Feature Support Vector Machines (SVMs) Deep Learning Neural Networks (DNNs)
Linear Algebra Central to finding the optimal separating hyperplane, kernel trick. Fundamental building block at each layer (matrix multiplications, etc.), crucial for backpropagation.
Focus Finding a single optimal linear boundary (potentially in higher dimensions). Learning hierarchical representations through multiple layers of linear transformations.
Statistics Rooted in statistical learning theory, margin maximisation, regularisation. Statistical modeling, loss function minimisation, optimisation algorithms, regularisation.

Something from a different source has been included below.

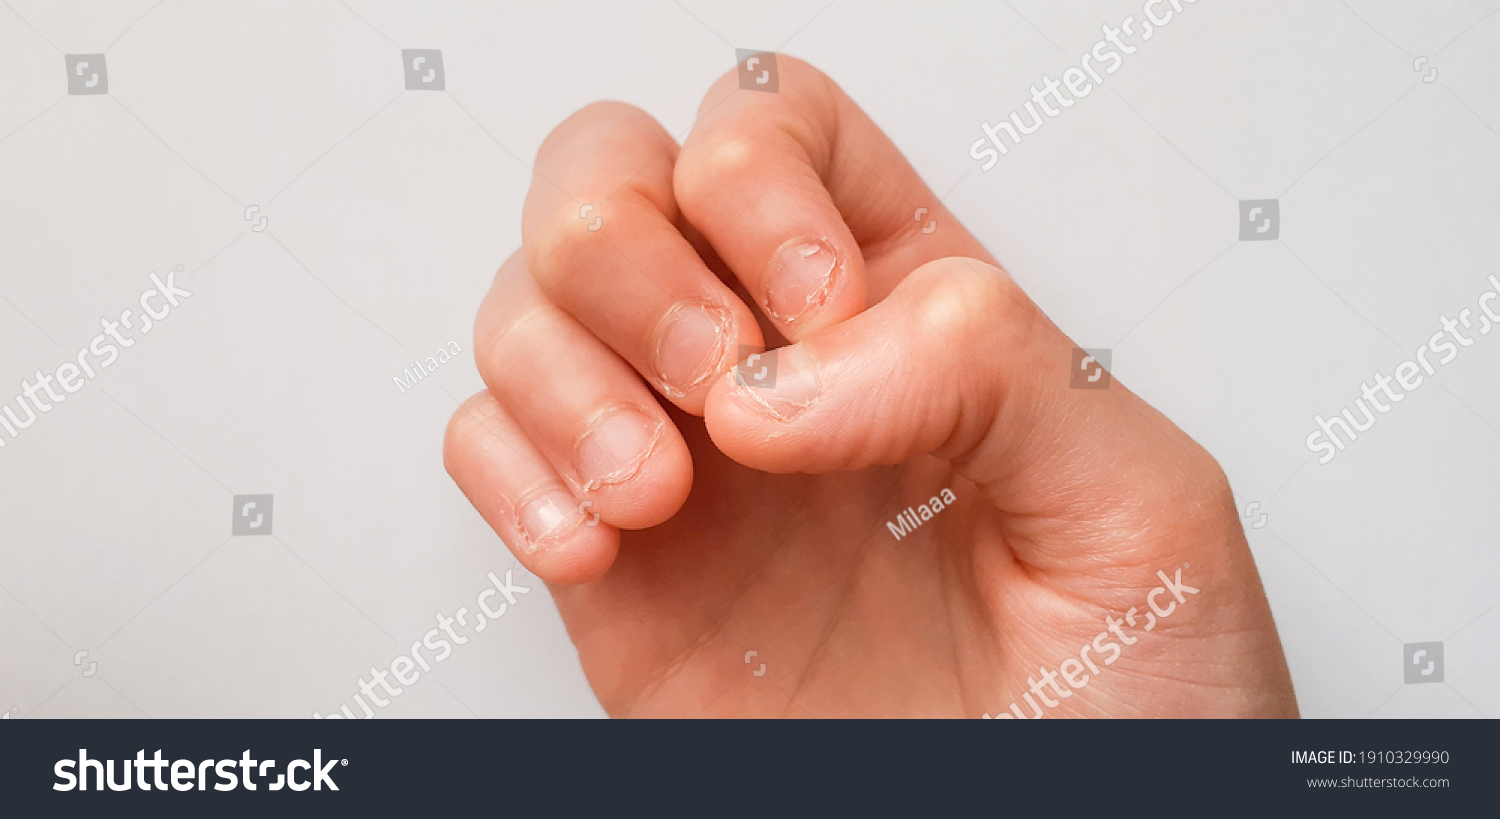 boys hand with chewed fingernails on white background - kids hand with short fingernails #1910329990

Interpretability Can be more interpretable (especially linear SVMs) in terms of the separating hyperplane and support vectors. Often considered “black boxes” with limited interpretability of individual weights.
Complexity Generally less complex in terms of the number of parameters. Can have millions or even billions of parameters.
Data Scale Performs well on smaller to medium-sized datasets. Excels on large datasets where it can learn complex patterns.

In a nutshell, while both SVMs and DNNs leverage linear algebra for their core computations, DNNs utilise linear algebra operations more extensively to as building blocks to their layered & hierarchical architecture.

Both SVMs and DNNs are grounded in statistical principles, but SVMs have stronger ties to statistical learning theory for generalisation guarantees, while DNNs rely more on empirical risk minimisation and various regularisation techniques to manage the behaviours of their models.